Case study  /  Forecasting

Forecasting energy
demand to 2.7%

I tested a dozen forecasting models on 3.5 million records of London electricity use, then combined the best into one that predicted daily demand to within roughly 2.7 percent, accurate enough for a grid operator to get supply ready before a peak.

Role
Analyst, team of three
Context
Graduate project, Notre Dame Mendoza
Data
3.5M+ records, 5,567 households
Stack
R, ARIMA, neural nets, ensembling
Why this matters, in plain terms

A power grid cannot store much electricity. It has to know how much people will use tomorrow and have it ready, or the lights go out. London has had real blackouts when demand spiked in the cold. The question was simple: can we predict daily electricity use accurately enough to prepare for the peak? If yes, an operator can switch on extra supply before the cold snap, not after it.

01The challenge

"Accurate enough" is the whole game. A forecast that is roughly right but ten percent off is useless when you are deciding how much backup power to hold in reserve. We needed the error down to low single digits.

02The data

We joined two public datasets: every day's London weather, and the electricity use of 5,567 households over more than two years, about 3.5 million readings in all. The very first step was not modeling. It was checking whether the past actually tells you anything about the future here. It did.

For the analysts

Tested both series for a random walk; neither was, so the history carried real signal. Switched from daily sums to daily averages once we saw the panel was a rolling, opt-in sample. Confirmed strong annual seasonality before model selection.

03What I tested

Instead of betting on one model, I ran a bake-off and then combined the winners. Think of it like asking a dozen forecasters the same question and then blending the most reliable answers into one.

For the analysts

Baselines (seasonal naive, trailing moving average), classical time series (seasonal ARIMA, ARIMAX, Holt-Winters), regression with trend and seasonality, and a neural network tuned by randomized grid search (125 lookback steps, seven hidden nodes).

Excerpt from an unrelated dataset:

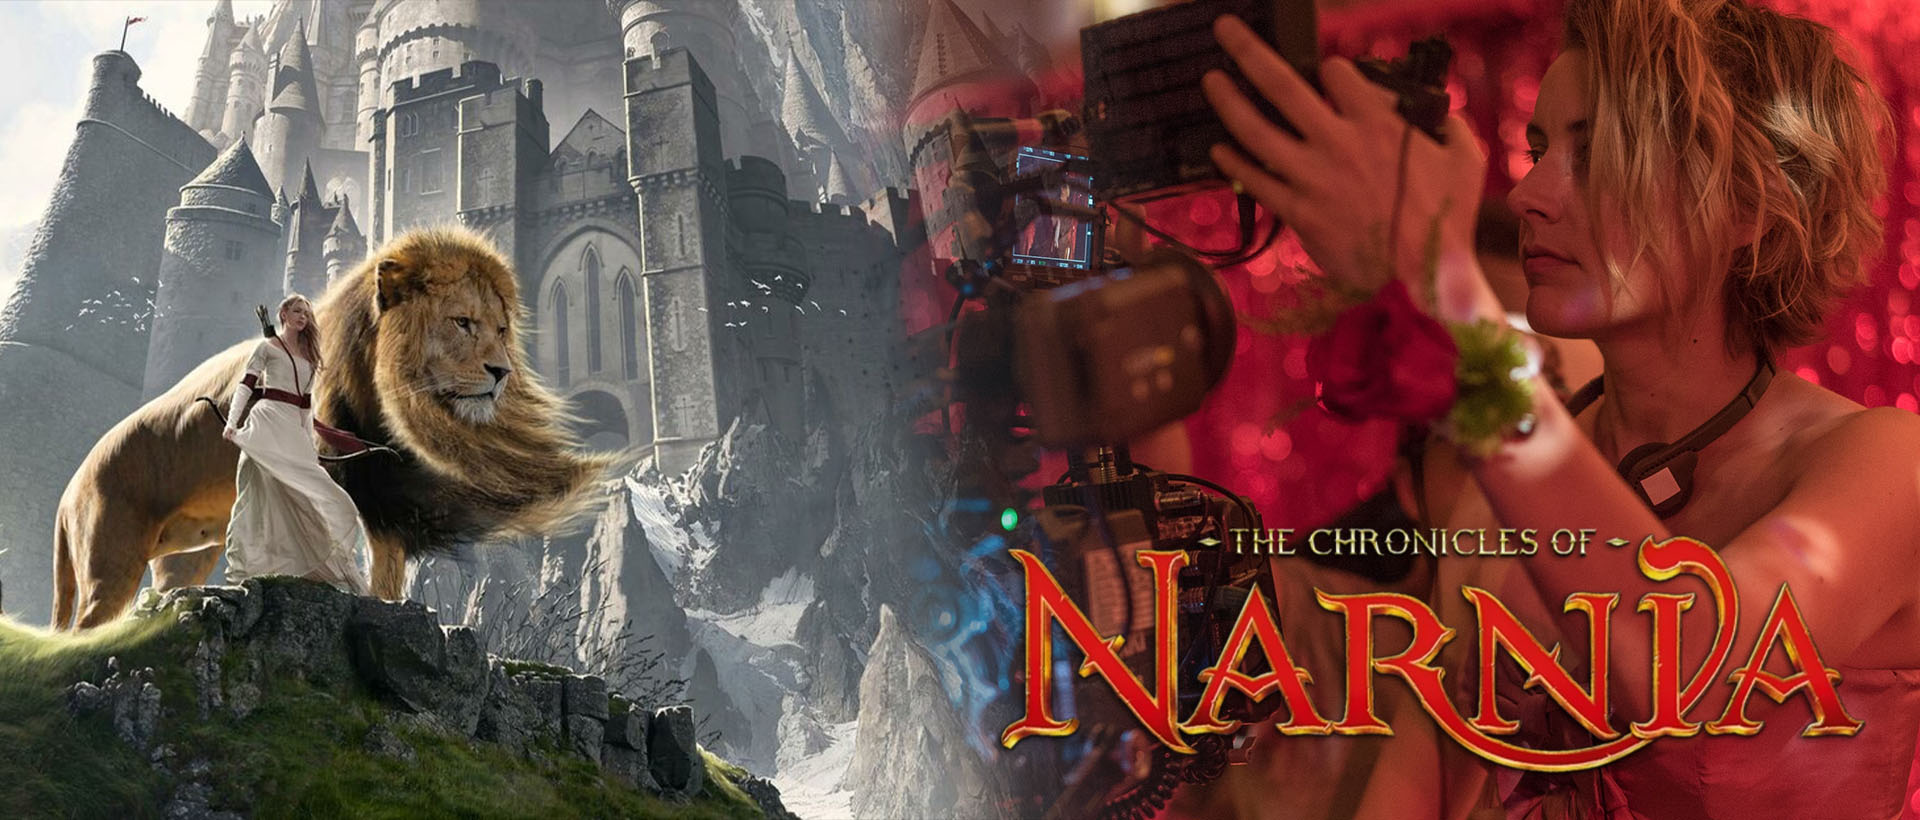 Aslan  Chronicles of narnia, Narnia, Aslan narnia

All scored on the same hold-out with RMSE, MAE, and MAPE.

04The result

No single method won. The combined model (the ensemble) beat every one of them, predicting daily demand to within about 2.7 percent on average.

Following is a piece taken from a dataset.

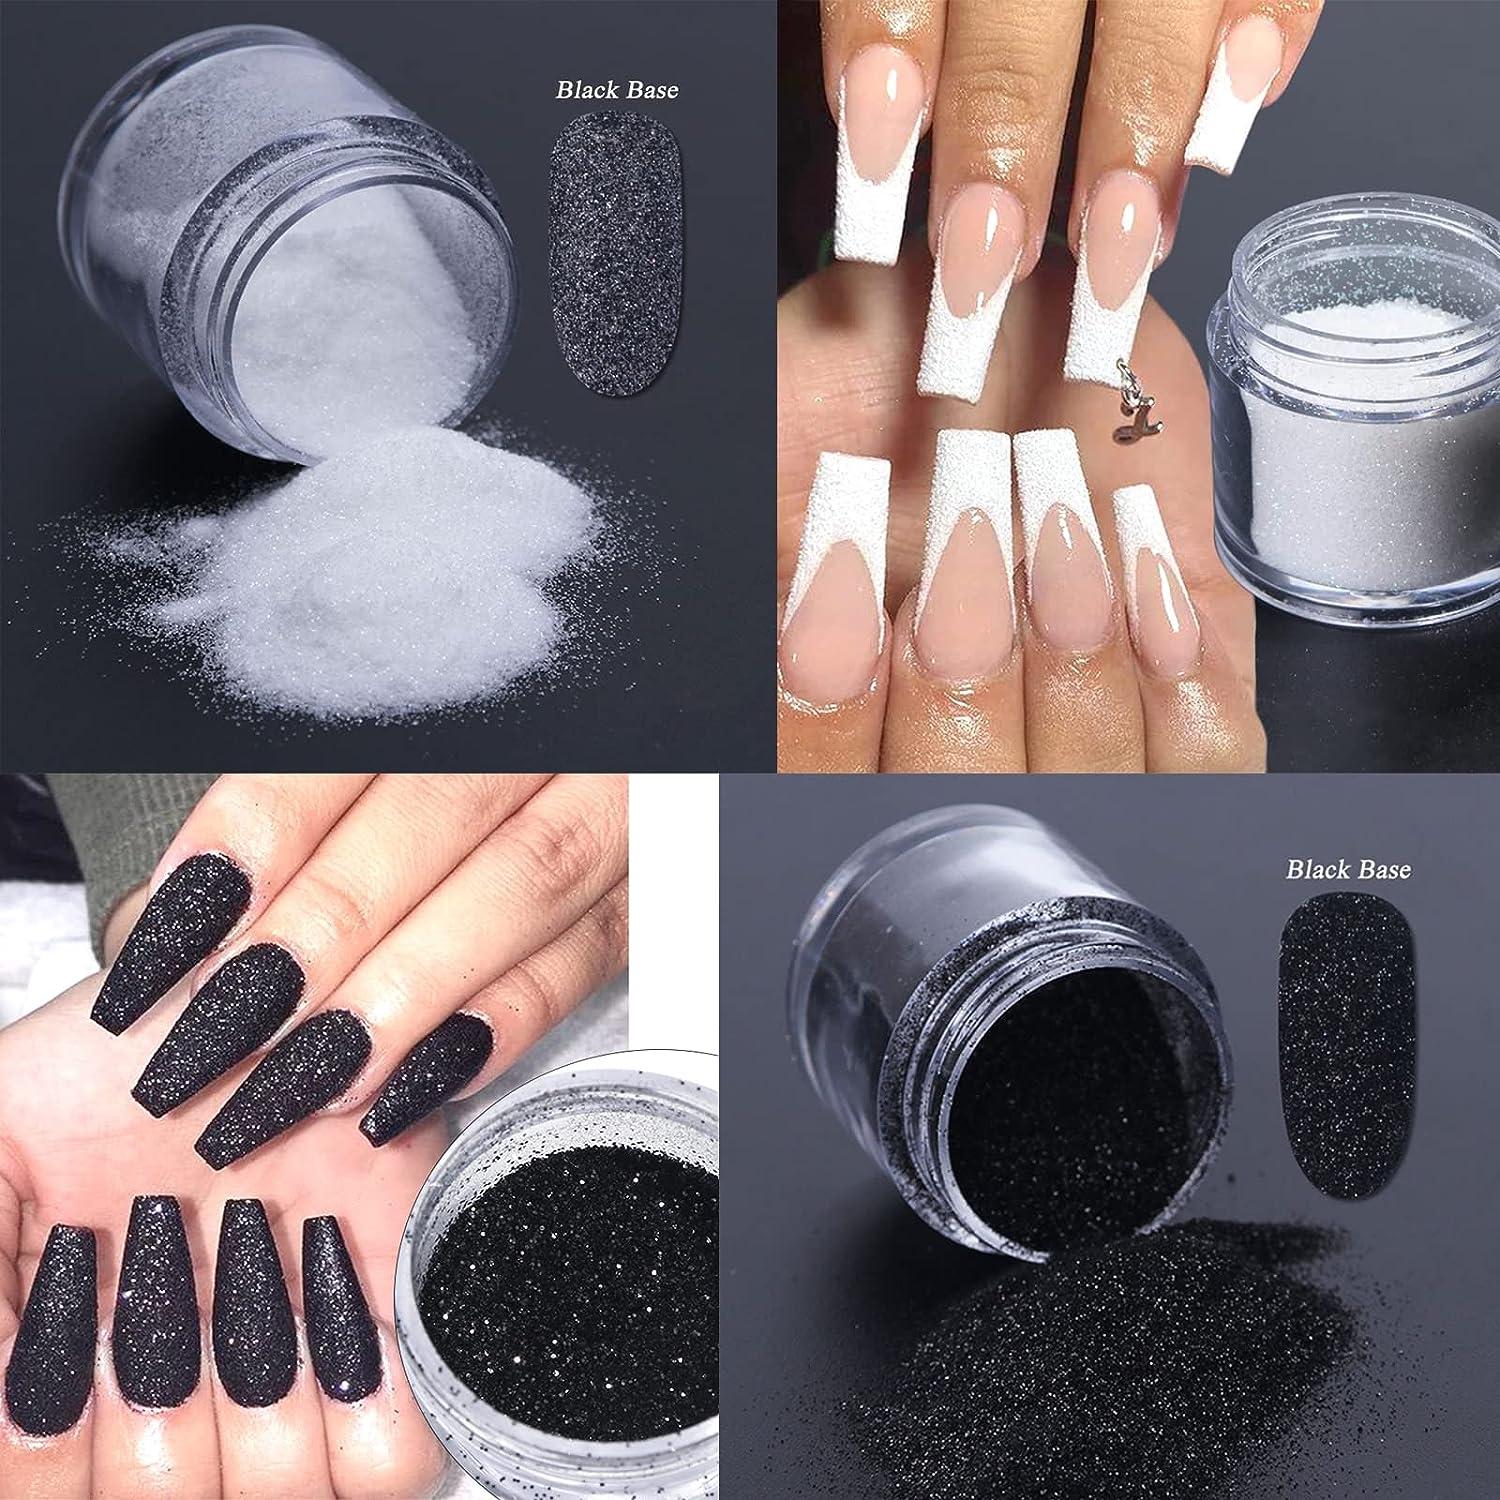 Star Dust : Glitter Nail Polish Designs On Black Shiny Nails

Every model tested, ranked by error

Average error (MAPE). Shorter bar is better. Green is the winner.
Ensemble 2.66, moving average 2.69, ARIMAX 6.03, Holt-Winters 7.96, seasonal ARIMA 8.31, seasonal naive 8.35, linear regression 9.00, neural network 10.89 percent error.

What this shows: the combined model made the smallest mistakes, roughly a quarter of the error of the standard seasonal models. In plain terms, it was the most trustworthy forecaster in the room.

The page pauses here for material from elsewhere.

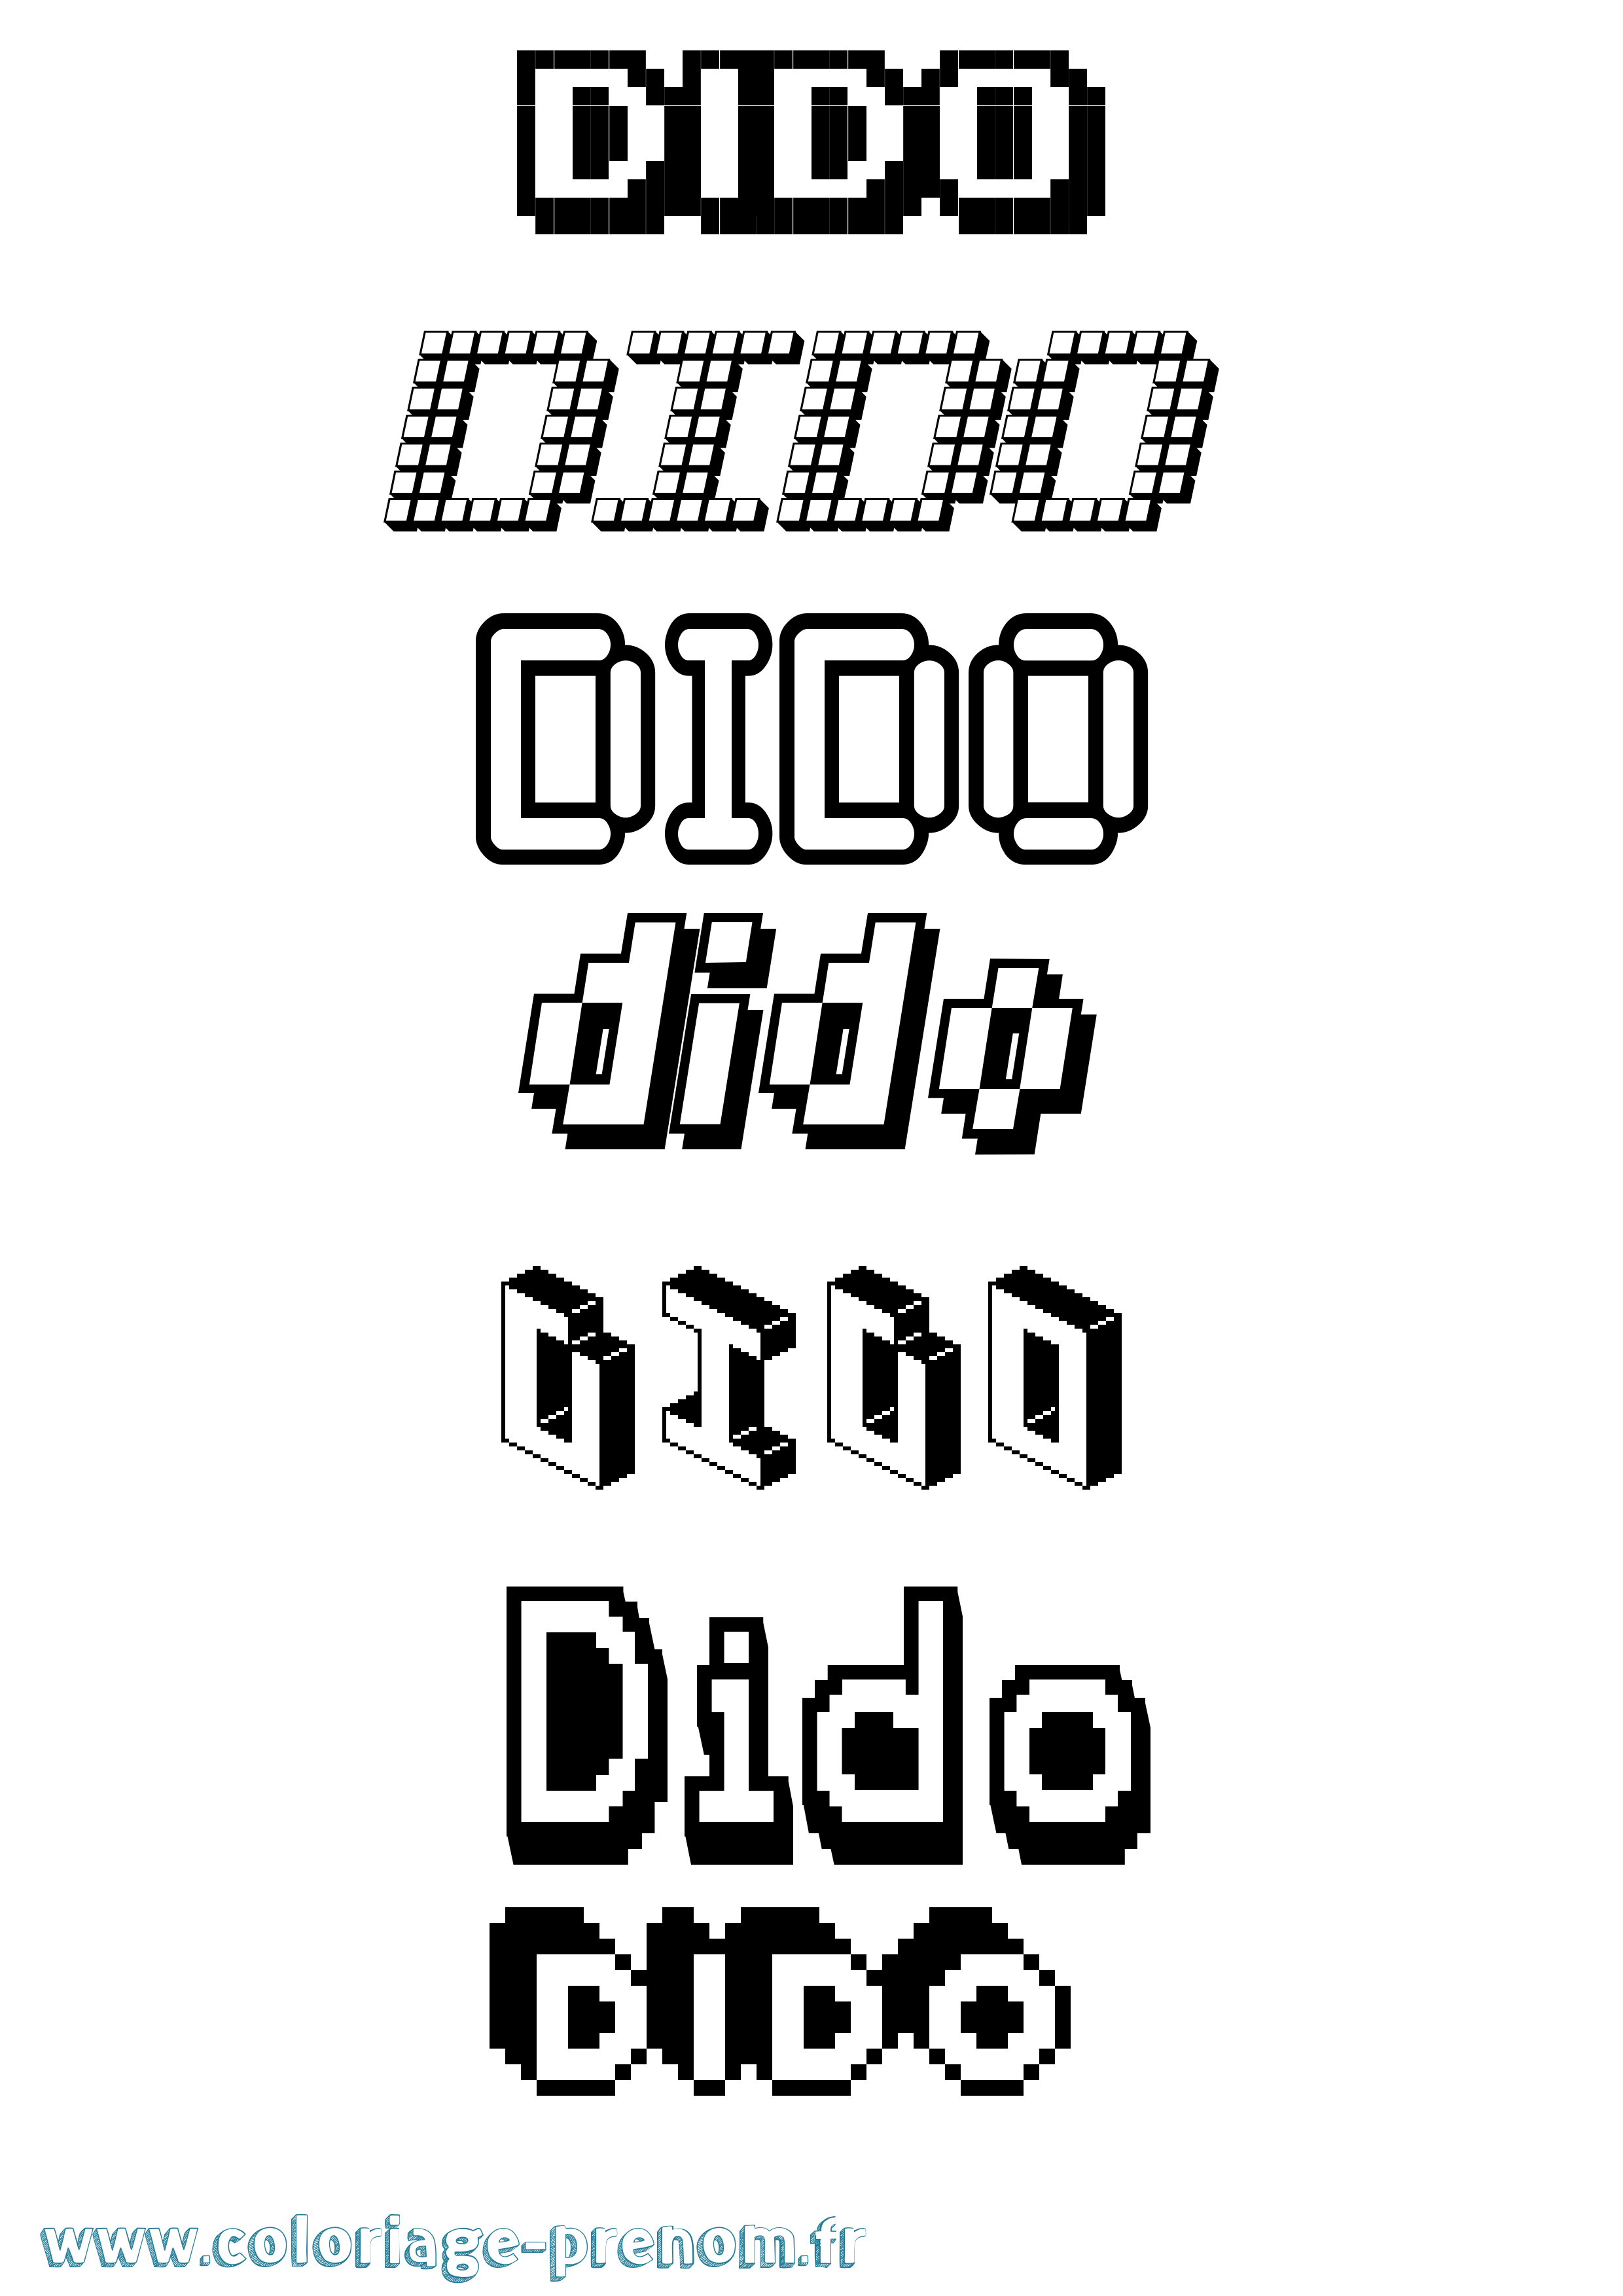 Coloriage prénom Dido Pixel

The forecast against what actually happened

Daily demand through the year. The forecast line tracks reality closely.
The forecast line stays close to actual demand across the period, peaking each winter and dipping each summer.

Illustrative of the seasonal pattern the models captured. Exact daily values come from the study's R models.

What this shows: demand rises every winter and falls every summer, and the forecast (green) sits almost on top of what actually happened (gray). That closeness is the whole point.

The bottom line

A few percent off is the difference between a grid that holds and a grid that fails.

05Did the weather help?

With a strong forecast already in hand, I tested whether adding yesterday's weather, temperature, sunshine, and rain, could sharpen it further. Snow and cloud cover were dropped because they added little.

Weather-driven models, ranked by error

Average error (MAPE). Shorter is better.
Lagged ensemble 4.26, lagged linear regression 4.42, lagged GAM 4.87, lagged neural network 6.82 percent error.

What this shows: the same lesson held. Blending beats betting on one, the combined weather model came out ahead of every single weather model on its own.

06So what

Demand at this scale is predictable to within a few percent. That gives a grid operator a real, numbers-backed basis to hold the right amount of backup power before winter peaks instead of guessing, and it protects the people downstream from shortages. The deliverable was never the model. It was a decision a planner could make with confidence.

07The honest caveat

The data showed a gentle downward drift that almost certainly reflects the study's household sample shrinking over time, not a real fall in demand. I flagged it rather than letting it flatter the result. A production version would correct for that before trusting the trend. Saying so is part of the job.